____ THE DATA

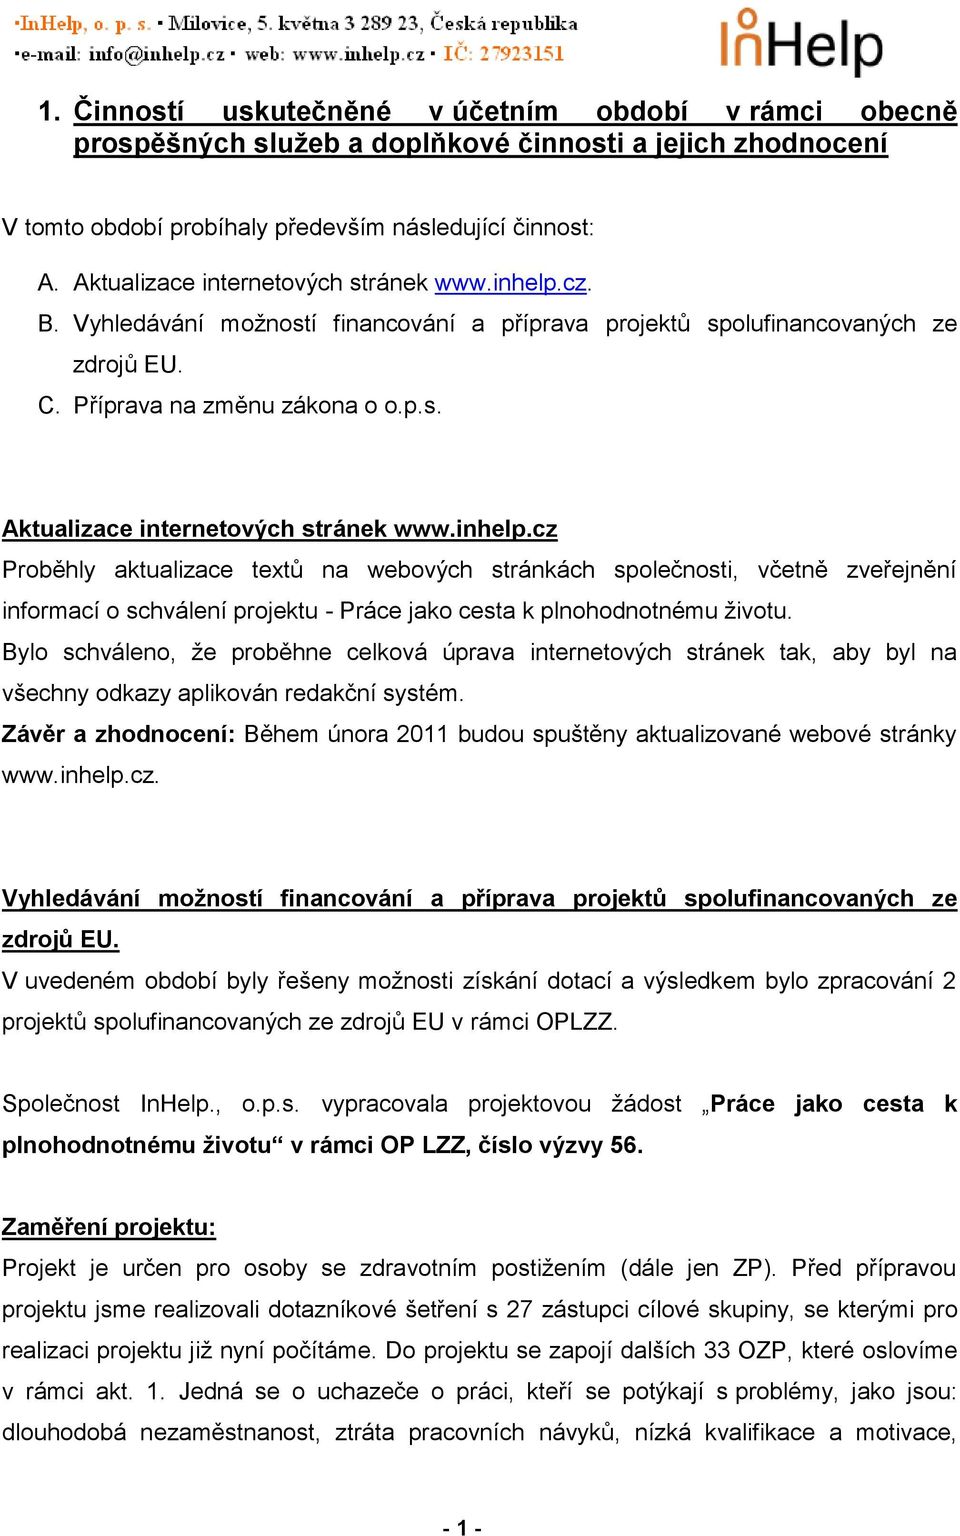 inhelp.cz Proběhly aktualizace textů na webových stránkách společnosti, včetně zveřejnění informací o schválení projektu - Práce jako cesta k plnohodnotnému životu.
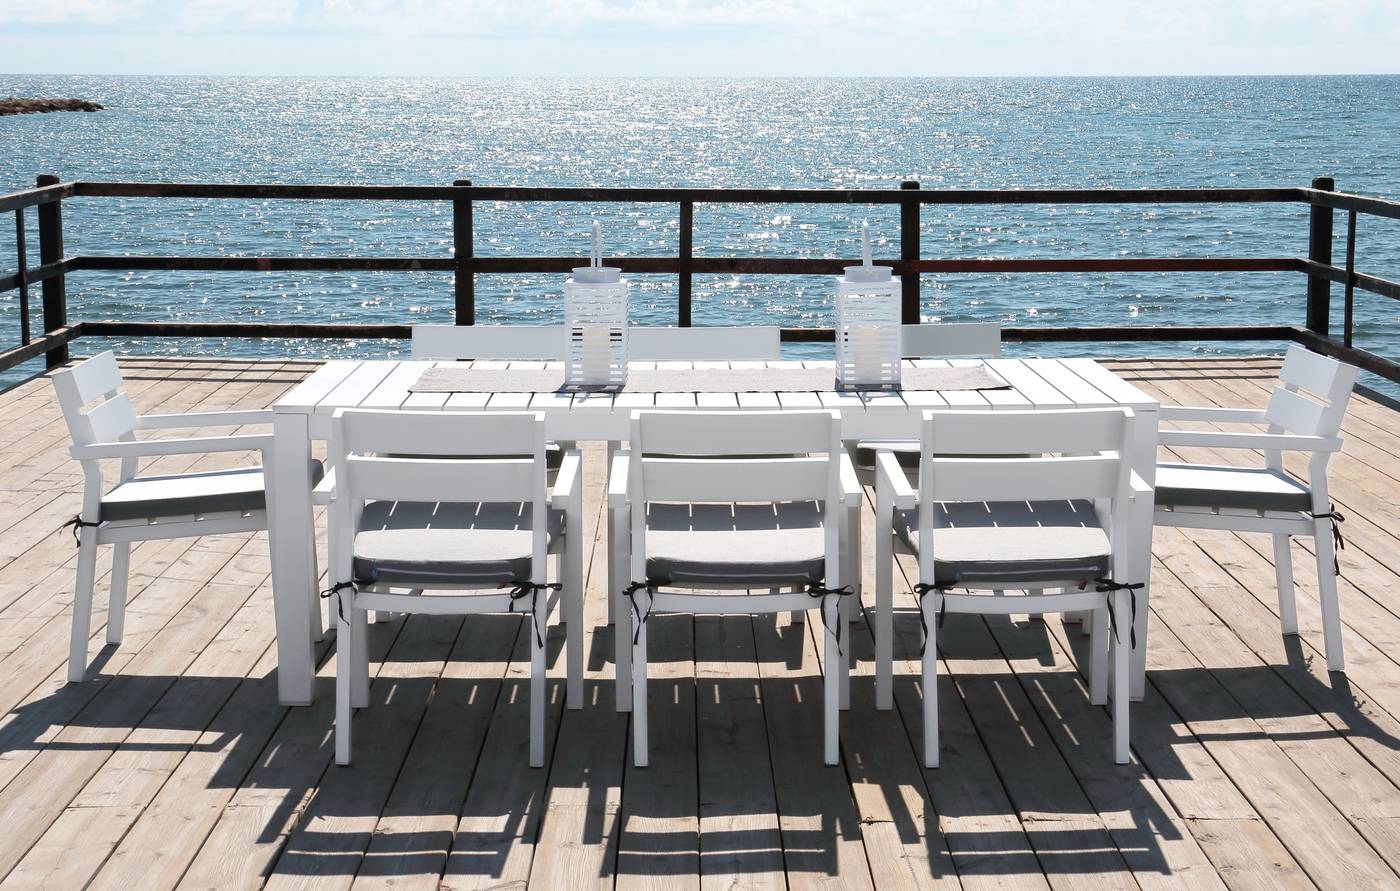 Sillón Aluminio Luxe Marlet - Sillón lujo para jardín o terraza. Estructura, asiento y respaldo de aluminio color blanco.
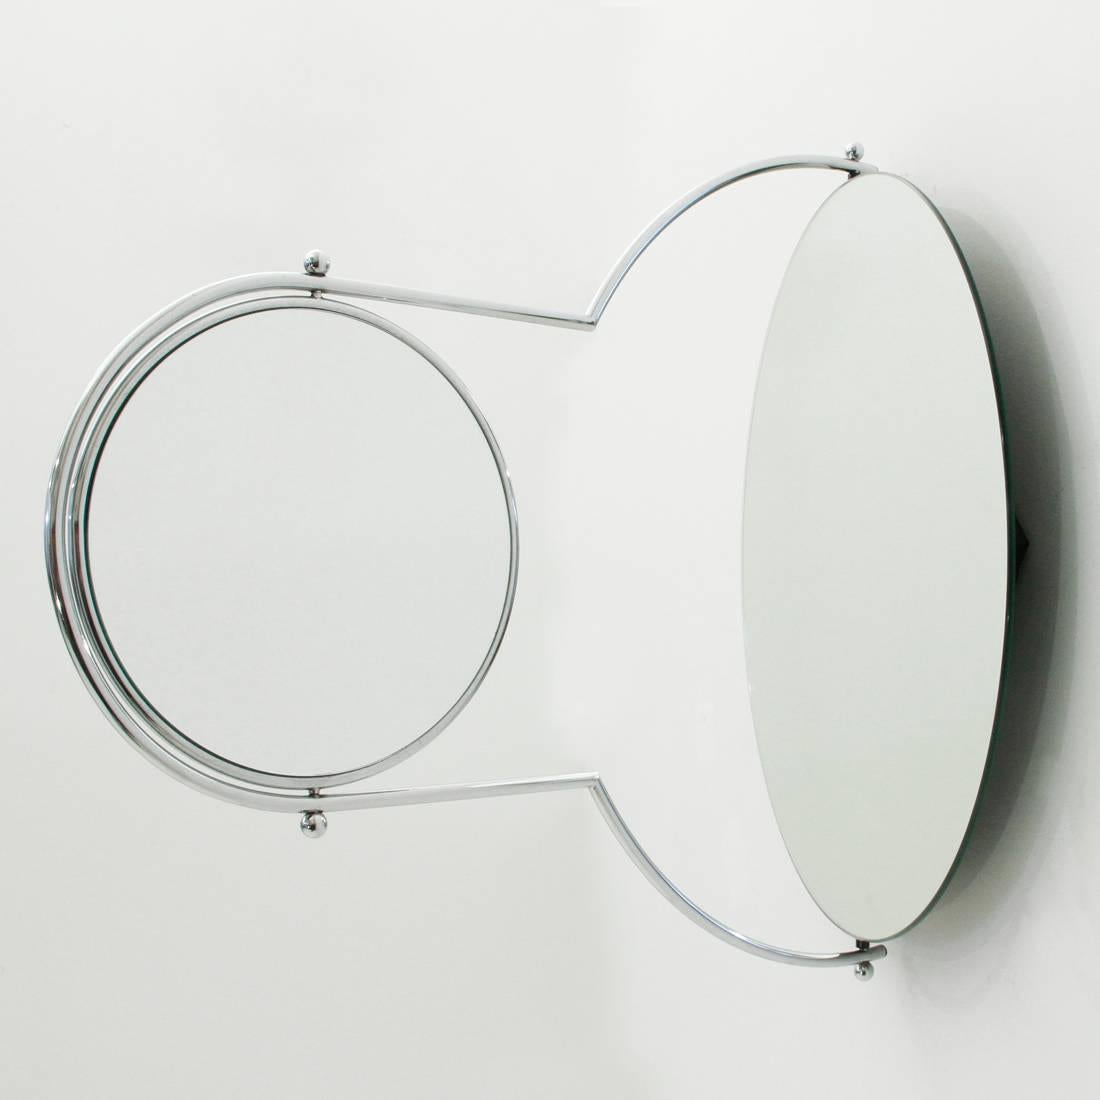 Italian Due Mirror by Rodney Kinsman for Bieffeplast, 1980s
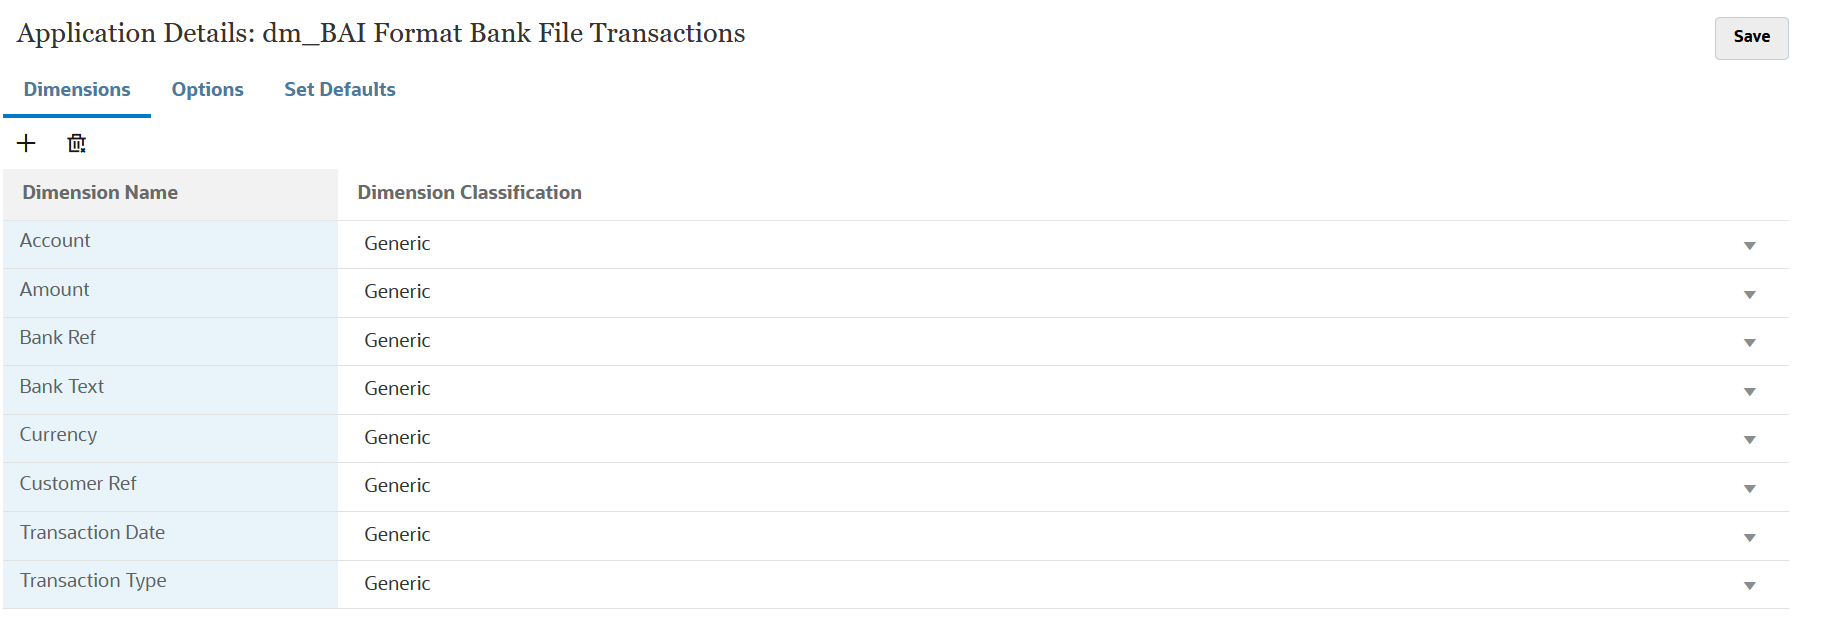 En la imagen se muestran los detalles de dimensión de transacciones de archivo bancario con formato BAI

________

Transcribe exactly the line containing "Italian Due Mirror" and every line after it through the end of the listing above; pictures are not part of the copy.

• SOLUTION FOR THIS TASK
 Italian Due Mirror by Rodney Kinsman for Bieffeplast, 1980s
 En la imagen se muestran los detalles de dimensión de transacciones de archivo bancario con formato BAI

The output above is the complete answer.